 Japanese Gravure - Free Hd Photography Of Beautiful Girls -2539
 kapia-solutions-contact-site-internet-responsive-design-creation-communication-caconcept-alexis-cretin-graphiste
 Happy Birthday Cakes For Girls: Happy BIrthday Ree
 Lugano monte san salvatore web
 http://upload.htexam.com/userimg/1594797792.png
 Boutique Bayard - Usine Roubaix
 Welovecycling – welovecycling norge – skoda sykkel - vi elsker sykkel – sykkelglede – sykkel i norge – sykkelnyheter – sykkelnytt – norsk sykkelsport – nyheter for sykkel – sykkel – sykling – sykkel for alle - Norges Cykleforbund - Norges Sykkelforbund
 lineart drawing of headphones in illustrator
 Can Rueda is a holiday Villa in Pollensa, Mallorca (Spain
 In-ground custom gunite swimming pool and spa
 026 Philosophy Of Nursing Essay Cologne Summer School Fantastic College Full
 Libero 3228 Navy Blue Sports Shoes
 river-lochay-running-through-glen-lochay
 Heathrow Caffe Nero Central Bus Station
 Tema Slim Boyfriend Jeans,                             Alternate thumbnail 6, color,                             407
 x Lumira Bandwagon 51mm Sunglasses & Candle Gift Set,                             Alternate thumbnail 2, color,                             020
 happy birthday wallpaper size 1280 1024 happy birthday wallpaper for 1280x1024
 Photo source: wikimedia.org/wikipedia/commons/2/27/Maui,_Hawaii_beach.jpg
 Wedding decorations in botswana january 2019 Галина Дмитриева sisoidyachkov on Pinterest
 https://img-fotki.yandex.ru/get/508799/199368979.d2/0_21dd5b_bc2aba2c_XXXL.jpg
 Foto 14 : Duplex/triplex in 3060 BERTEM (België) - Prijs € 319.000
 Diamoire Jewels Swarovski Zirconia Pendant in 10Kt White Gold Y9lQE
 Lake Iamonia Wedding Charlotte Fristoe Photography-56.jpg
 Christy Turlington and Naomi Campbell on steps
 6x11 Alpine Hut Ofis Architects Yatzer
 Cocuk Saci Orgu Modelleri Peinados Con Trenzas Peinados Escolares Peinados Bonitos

* PROBLEM TO WORK ON
Write out word for word only the lines from the start of the entries down to the line with "Lugano monte san salvatore web", please, including both ends.

* ANSWER TO THIS TASK
 Japanese Gravure - Free Hd Photography Of Beautiful Girls -2539
 kapia-solutions-contact-site-internet-responsive-design-creation-communication-caconcept-alexis-cretin-graphiste
 Happy Birthday Cakes For Girls: Happy BIrthday Ree
 Lugano monte san salvatore web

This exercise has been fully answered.